Elasticsearch: sorting Spanish double names alphabetically

I am doing an Elasticsearch query and I want the results ordered alphabetically by last name. My problem: the last names are all Spanish double names, and ES doesn't order them the way I would like it.
I would prefer the order to be:
Batres Rivera
Batrín Chojoj
Fion Morales
Lopez Giron
Martinez Castellanos
Milán Casanova
This is my query:
{
"query": {
"match_all": {}
},
"sort": [
{
"Last Name": {
"order": "asc"
}
}
]
}
The order that I get with this is:
Batres Rivera
Batrín Chojoj
Milán Casanova
Martinez Castellanos
Fion Morales
Lopez Giron
So it is not sorting by the first string, but by either of both (Batres, Batrín, Casanova, Castellanos, Fion, Giron).
If I try additionally
{
"order": "asc",
"mode": "max"
}
then I get:
Batrín Chojoj
Lopez Giron
Martinez Castellanos
Milán Casanova
Fion Morales
Batres Rivera
All the fields are indexed by default, I checked with
curl -XGET localhost/my_index/_mapping
and I get back
my_index: {
my_type: {
properties: {
FirstName: {
type: string
}LastName: {
type: string
}MiddleName: {
type: string
}
...
}
}
}
Does anyone know how to make the results to be ordered to be ordered alphabetically by the beginning string of the last name?
Thanks!
The problem is that your LastName field is analyzed, so the string Batres Rivera is indexed as a multi-value field with two terms: batres and rivera.

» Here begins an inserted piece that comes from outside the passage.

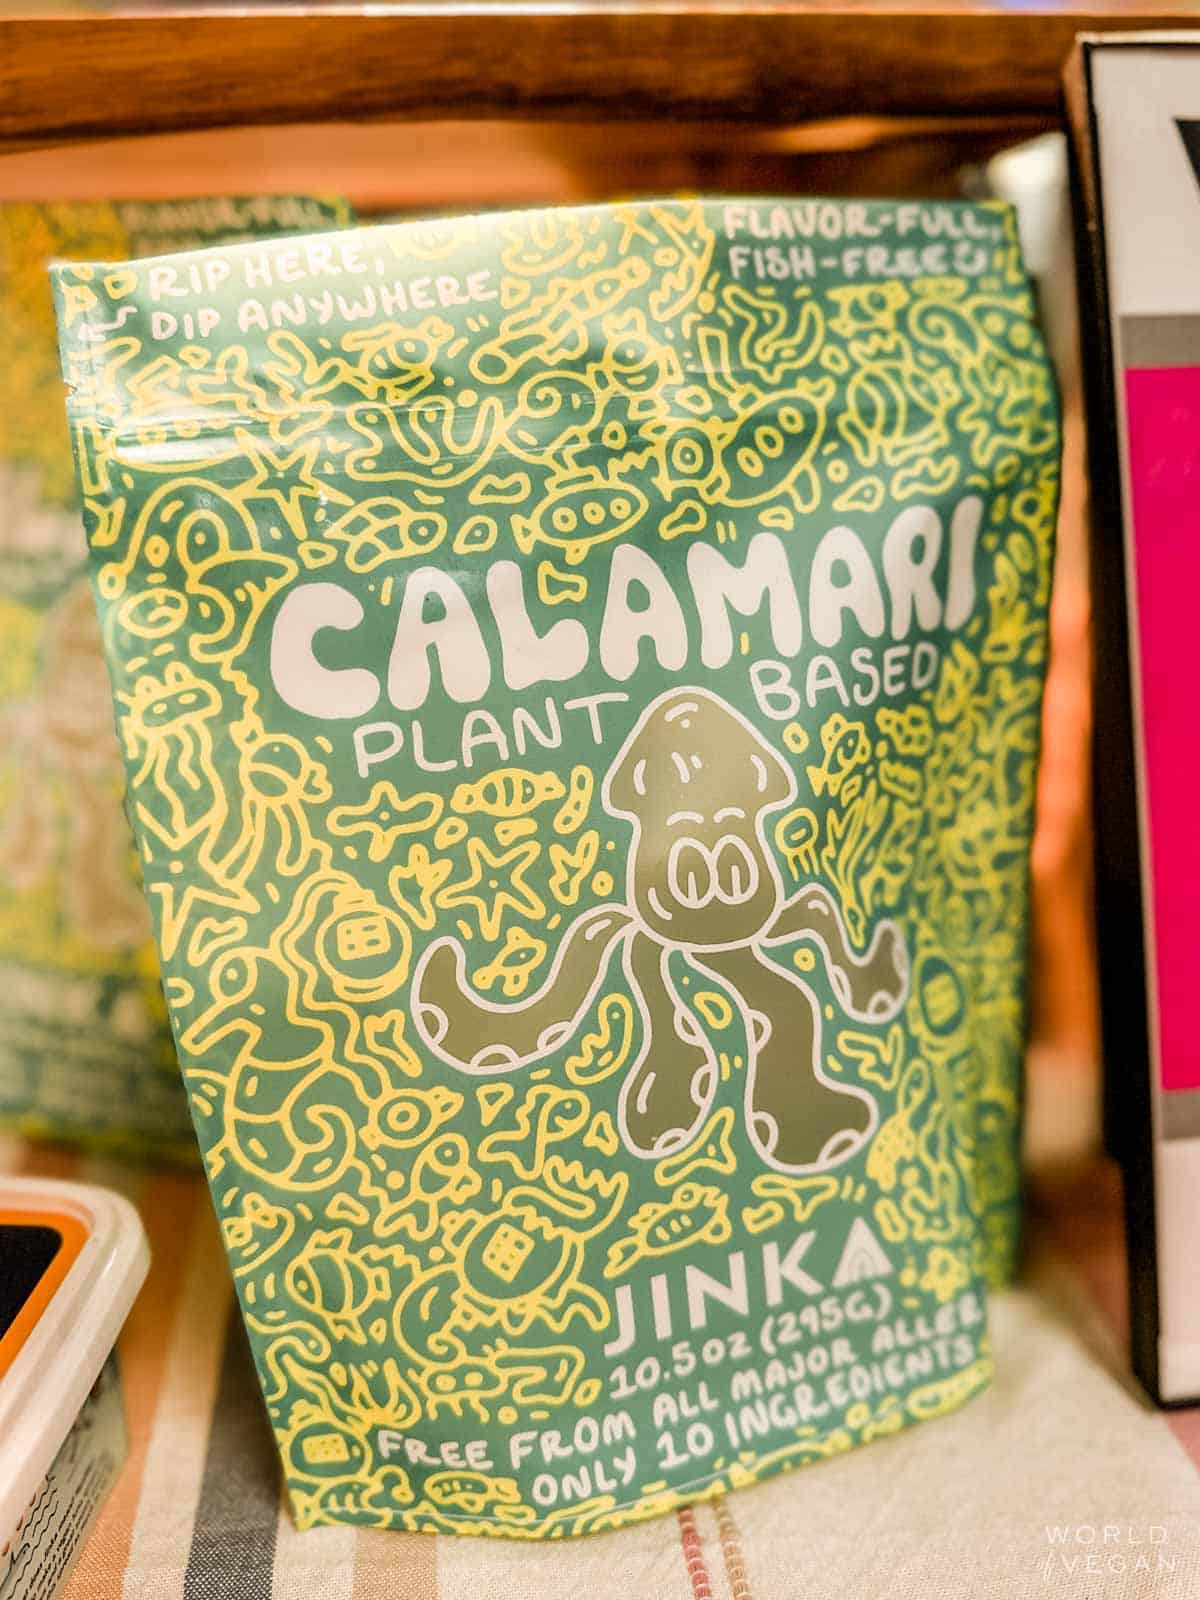 A package of Jinka brand plant-based calamari.
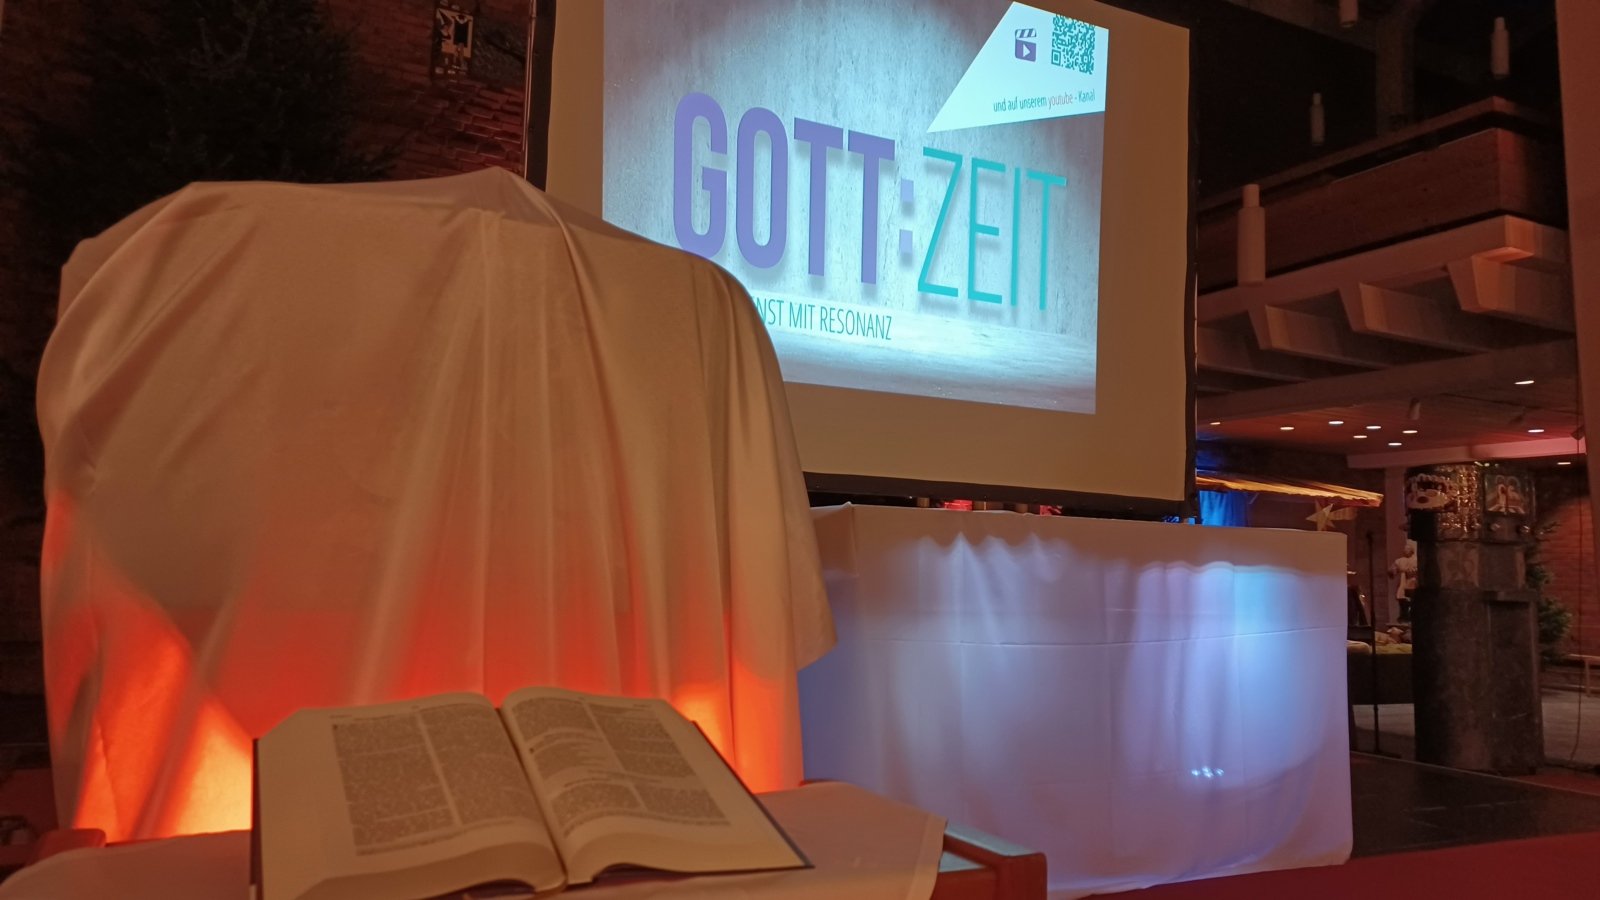 GottZeit - Bibel (c) Alexander Daun

But this isn't like an ordered array, it's more like a "bag of values". So when you try to sort on the field, it chooses one of the terms (the min or max) and sorts on that.
What you need to do is to store the LastName as a single term (Batres Rivera) for sorting purposes, by mapping the field as
{ "type": "string", "index": "not_analyzed"}
Obviously you can't then use that field for search purposes: you wouldn't be able to search for rivera and match on that field.
The way to support both searching and sorting is to use multi-fields: ie index the same value in two ways, one for searching and one for sorting.
In 0.90.* the syntax for multi-fields is:
curl -XPUT "http://localhost:9200/my_index" -d'
{
"mappings": {
"my_type": {
"properties": {
"LastName": {
"type": "multi_field",
"fields": {
"LastName": {
"type": "string"
},
"raw": {
"type": "string",
"index": "not_analyzed"
}
}
}
}
}
}
}'
In 1.0.* the multi_field type has been removed and now any core field type supports sub-fields as follows:
curl -XPUT "http://localhost:9200/my_index" -d'
{
"mappings": {
"my_type": {
"properties": {
"LastName": {
"type": "string",
"fields": {
"raw": {
"type": "string",
"index": "not_analyzed"
}
}
}
}
}
}
}'
So you can use the LastName field for searching, and the LastName.raw field for sorting:
curl -XGET "http://localhost:9200/my_index/my_type/_search" -d'
{
"query": {
"match": {
"LastName": "rivera"
}
},
"sort": "LastName.raw"
}'
Language specific sorting
You should also look at using the ICU analysis plugin to sort using the Spanish sort order (or collation). This is a bit more complex but is worth using:
curl -XPUT "http://localhost:9200/my_index" -d'
{
"settings": {
"analysis": {
"analyzer": {
"folding": {
"type": "custom",
"tokenizer": "icu_tokenizer",
"filter": [
"icu_folding"
]
},
"es_sorting": {
"type": "custom",
"tokenizer": "keyword",
"filter": [
"lowercase",
"spanish"
]
}
},
"filter": {
"spanish": {
"type": "icu_collation",
"language": "es"
}
}
}
},
"mappings": {
"my_type": {
"properties": {
"LastName": {
"type": "string",
"analyzer": "folding",
"fields": {
"raw": {
"type": "string",
"analyzer": "es_sorting"
}
}
}
}
}
}
}'
We create a folding analyzer which we'll use for the LastName field, which will analyze a string like Muñoz Rivera into the two terms munoz (without the ~) and rivera. So a user can search for munoz or muñoz and either will match.
Then we create the es_sorting analyzer which indexes the proper sort order for muñoz rivera (lowercased) in Spanish.
Searching would be done in the same way:
curl -XGET "http://localhost:9200/my_index/my_type/_search" -d'
{
"query": {
"match": {
"LastName": "rivera"
}
},
"sort": "LastName.raw"
}'
We need to know how you are indexing the name.
Please check this discussion link.
http://elasticsearch-users.115913.n3.nabble.com/Is-there-a-way-to-search-terms-lower-cased-td932996.html
This should be very helpful for your case. This depends on your mapping settings. What analyzer you use for the name field.
Need your mapping definition to decide on a proper solution.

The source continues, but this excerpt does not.